## Directions for this task:
Every line of the listing that follows must be written out unchanged.

===

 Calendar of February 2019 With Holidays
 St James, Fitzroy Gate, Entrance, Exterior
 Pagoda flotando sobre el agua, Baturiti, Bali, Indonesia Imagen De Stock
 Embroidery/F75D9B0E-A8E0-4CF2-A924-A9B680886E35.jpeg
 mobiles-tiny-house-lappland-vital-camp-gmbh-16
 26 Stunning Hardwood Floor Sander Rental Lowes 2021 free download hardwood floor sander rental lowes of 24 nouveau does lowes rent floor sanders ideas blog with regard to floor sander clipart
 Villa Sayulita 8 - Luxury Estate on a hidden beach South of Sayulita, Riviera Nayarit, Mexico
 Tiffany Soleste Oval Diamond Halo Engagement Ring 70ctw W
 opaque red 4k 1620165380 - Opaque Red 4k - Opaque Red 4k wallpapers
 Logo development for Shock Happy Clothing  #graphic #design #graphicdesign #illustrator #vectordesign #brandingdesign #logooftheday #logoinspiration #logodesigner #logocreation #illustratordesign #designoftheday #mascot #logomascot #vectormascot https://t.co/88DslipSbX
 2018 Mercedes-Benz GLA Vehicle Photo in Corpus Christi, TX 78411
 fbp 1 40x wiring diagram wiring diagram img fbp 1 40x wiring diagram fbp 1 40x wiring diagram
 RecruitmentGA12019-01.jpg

===

## Solved exercise:
 Calendar of February 2019 With Holidays
 St James, Fitzroy Gate, Entrance, Exterior
 Pagoda flotando sobre el agua, Baturiti, Bali, Indonesia Imagen De Stock
 Embroidery/F75D9B0E-A8E0-4CF2-A924-A9B680886E35.jpeg
 mobiles-tiny-house-lappland-vital-camp-gmbh-16
 26 Stunning Hardwood Floor Sander Rental Lowes 2021 free download hardwood floor sander rental lowes of 24 nouveau does lowes rent floor sanders ideas blog with regard to floor sander clipart
 Villa Sayulita 8 - Luxury Estate on a hidden beach South of Sayulita, Riviera Nayarit, Mexico
 Tiffany Soleste Oval Diamond Halo Engagement Ring 70ctw W
 opaque red 4k 1620165380 - Opaque Red 4k - Opaque Red 4k wallpapers
 Logo development for Shock Happy Clothing  #graphic #design #graphicdesign #illustrator #vectordesign #brandingdesign #logooftheday #logoinspiration #logodesigner #logocreation #illustratordesign #designoftheday #mascot #logomascot #vectormascot https://t.co/88DslipSbX
 2018 Mercedes-Benz GLA Vehicle Photo in Corpus Christi, TX 78411
 fbp 1 40x wiring diagram wiring diagram img fbp 1 40x wiring diagram fbp 1 40x wiring diagram
 RecruitmentGA12019-01.jpg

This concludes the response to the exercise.